The first EUMR, dated 1989, represented a watershed improvement in the EU competition policy as the Commission became exclusively competent to review certain transactions. Through the existence of the “legitimate interests” clause, Member States arranged a way out. Governments finding their legitimate interests engaged can intervene and even prohibit – under certain conditions – transactions even if the Commission previously cleared them. EU Member States have sought to protect their national champions through this clause but have consistently faced the Commission’s uncompromising position. Indeed, the Commission has only rarely recognized the legitimate nature of the interests invoked by the Member States (besides the three interests explicitly mentioned in Article 21(4) EUMR).

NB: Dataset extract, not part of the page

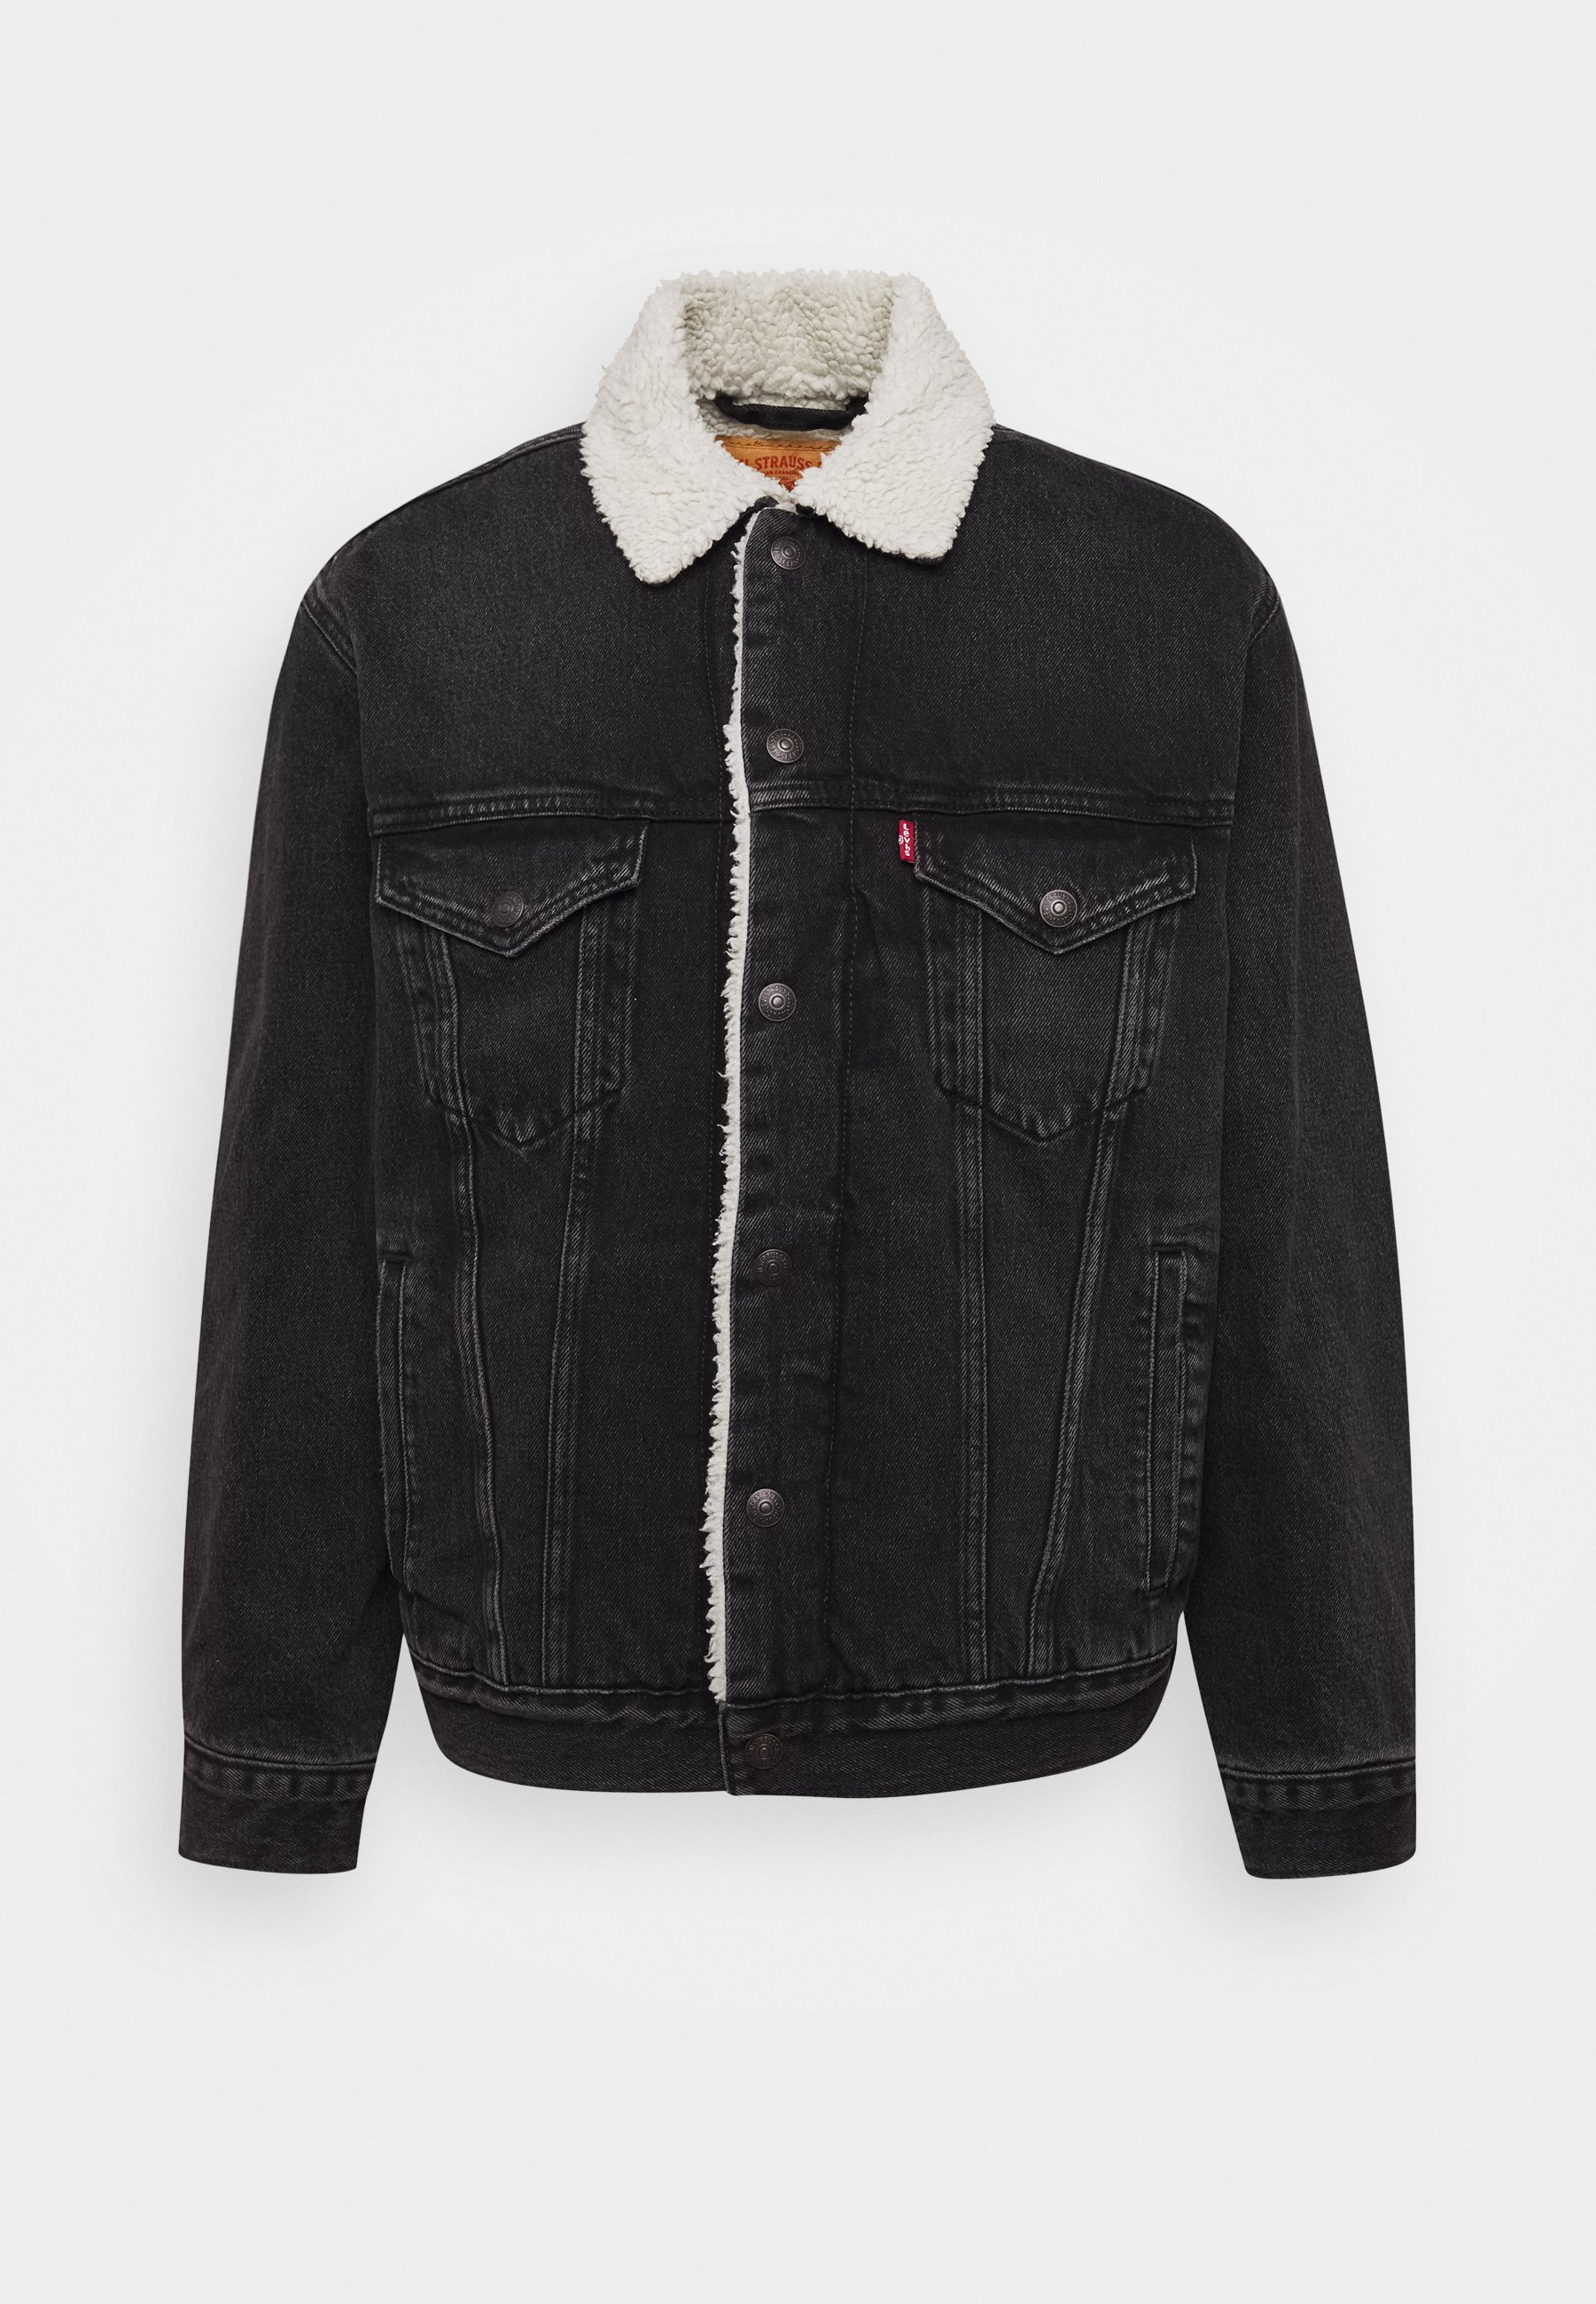 Mango Jeansjackor | Herr | Köp jeansjacka online på Zalando.se

Furthermore, the Commission does not hesitate to launch infringement proceedings in cases where Member States fail to communicate the legitimate interests allegedly engaged and/or block transactions without sufficient factual or legal basis to do so.
It is difficult to evaluate whether the approach defended by the Commission will – in the longer term – deliver “net benefits” to Europe. What is certain however is that jurisdictions such as the US or Canada have protectionists tools which go beyond what EU Member States have at their disposal and do not hesitate to block takeovers by foreign buyers when the independence of their national champions is deemed to be at risk.